29.02.2012 Cloudy/Rainy -2 °C
Tianjin. The train was not too bad as far as train journeys go in China, we woke up with ample time to get ourselves together. Exiting the smashing train station was a breeze and we walked about, passing on KFC in search of somewhere to spend the next six-hours until it was time to get to the airport. Cue Maccy D’s, breakfast menu still on, Y4 (40p) for a coffee and a sausage burger that filled me up for breakfast. A coffee on it’s own was Y4 – how does that make sense? Three-hours passed with us raping the Wi-Fi and having only spent £1 when the lunchtime deal kicked in and I decided to try the grotesque looking double burger with bacon and mashed potato (yes, really) being the main contents. Throughout our time in China, every coffee order was followed by ‘try a Big Tasty sir?’, if they could speak English. This was my last chance. It wasn’t as bad as it sounds or looked but wasn’t great.
With 1pm knocking on and our flight at 5pm, we took a cab to Tianjin airport, flouting public transport for a change. It was a long journey of about 35km from the train station and cost Y100 (£10). I gave my passport and booking confirmation to the AirAsia girl and put my bag on the floor. She then asked me to put the bag on the conveyor belt and I noticed I’d rested my backpack in a massive pile of phlegm which was now all over the hood of my bag. My last experience of China…

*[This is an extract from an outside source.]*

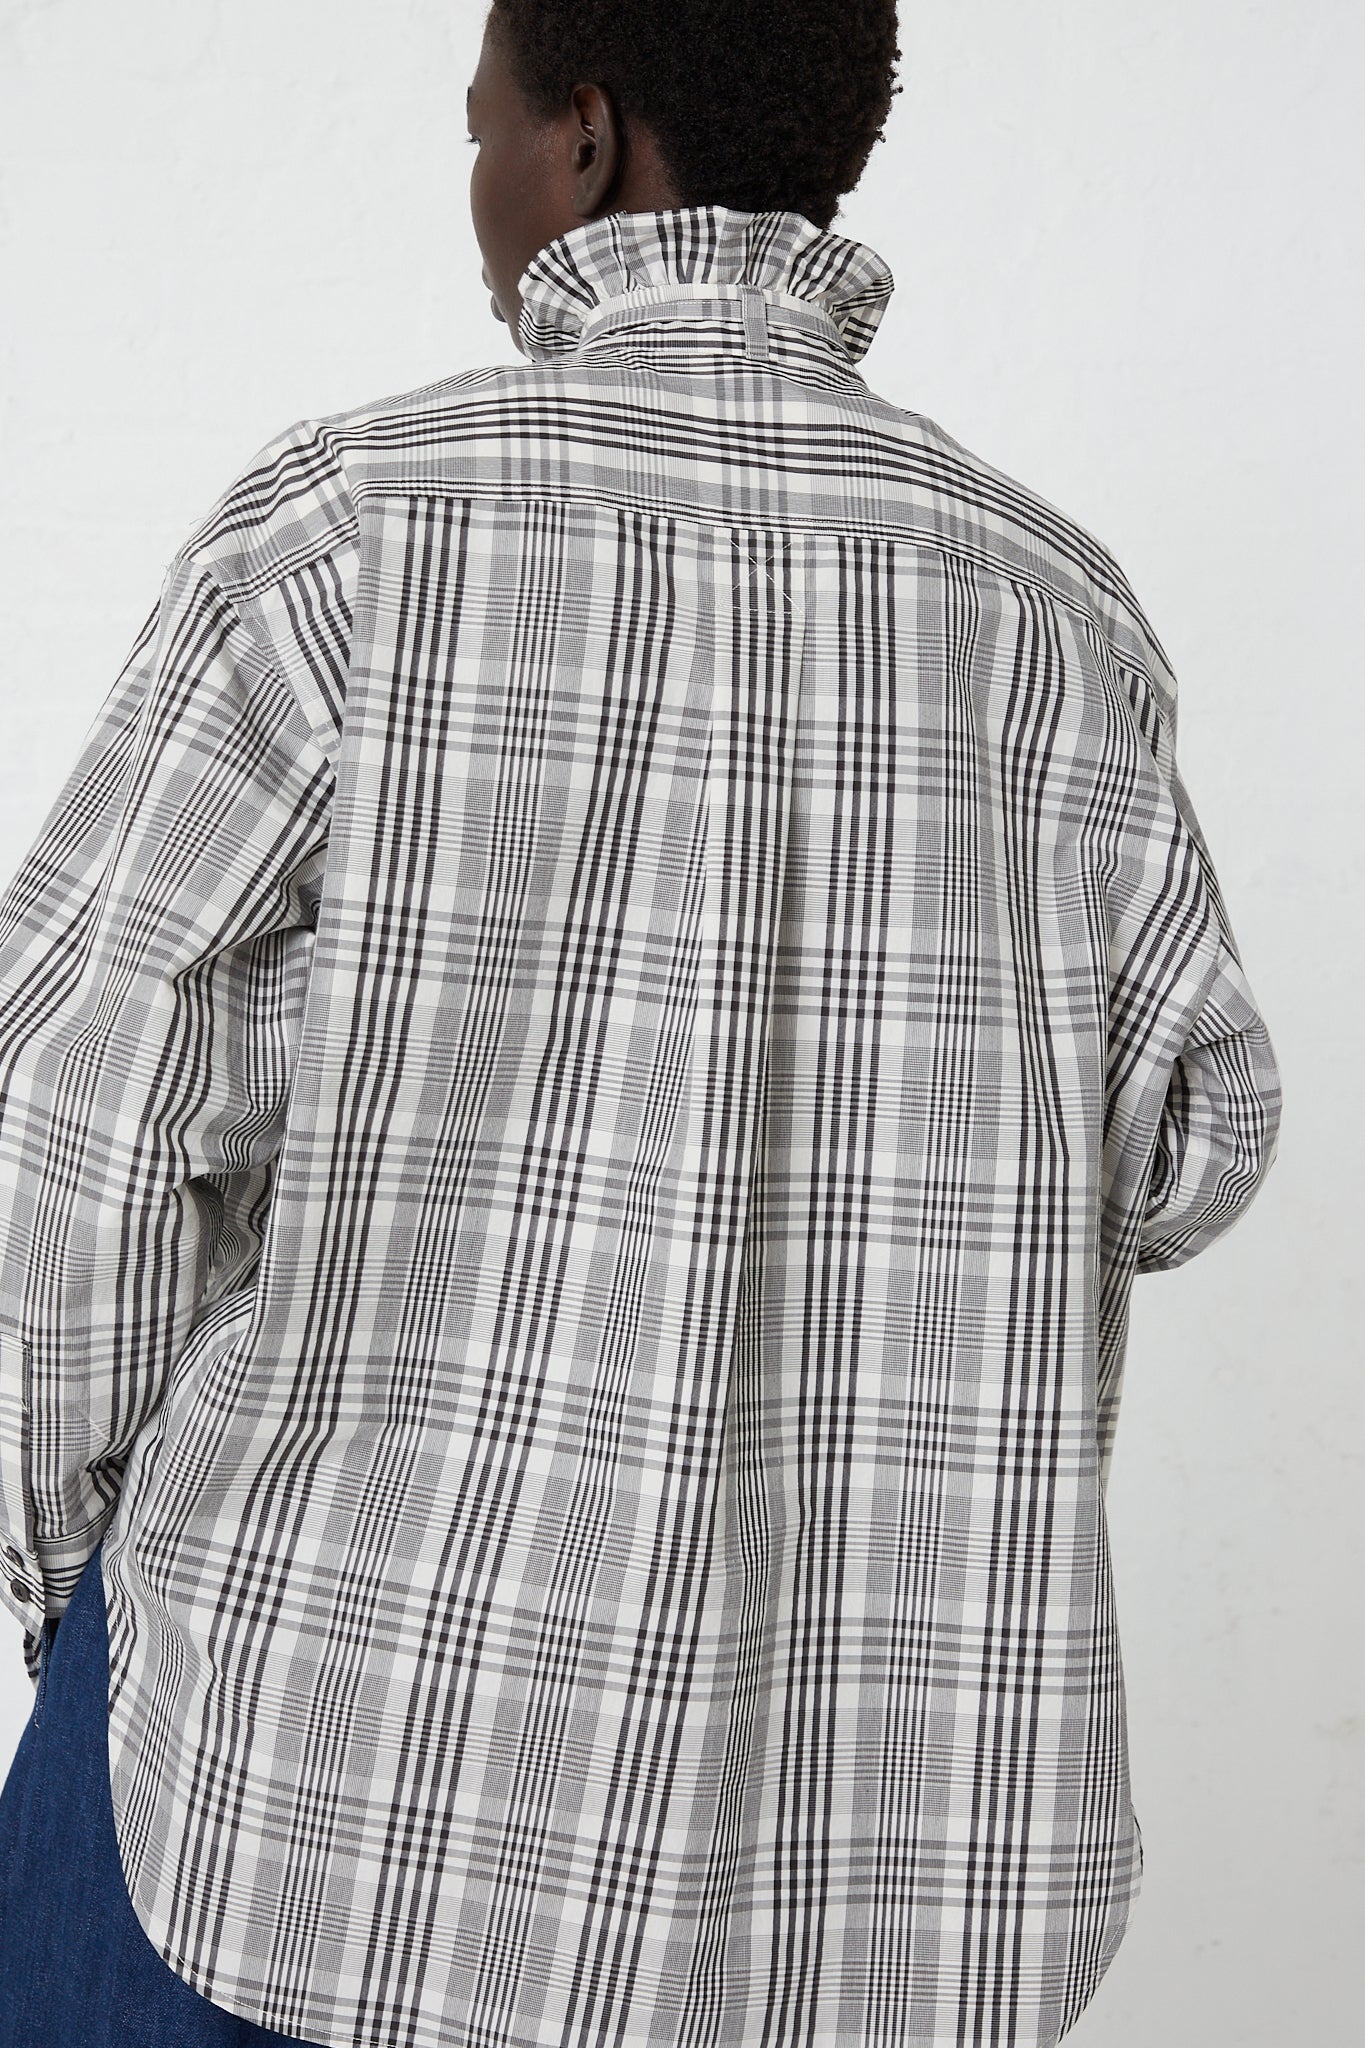 The back view of a woman wearing a KasMaria Poplin Tie Shirt with Ruffle Collar in Heavy Plaid.

Verdict on China: China was amazing. It’s a pretty controversial country. I’ve met travellers who hated the place and some that loved it. In a nut shell, Hong Kong I think remains the best place I have been to since leaving the UK, Macau was magic, Shanghai sensational, Xi’an ‘zilariting, Beijing boring, Harbin hardcore (weather-wise) and Jilin City merely a jaded joke. No ice rimmed trees for me. The food was generally smashing, except for the odd dodgy meal, including a plate of stomach and tubes in Harbin and in my experience the further south you go, the less gob you see, the nicer people are and the more English they speak. Hong Kong and Shanghai have an array of gorgeous girls to rival any city.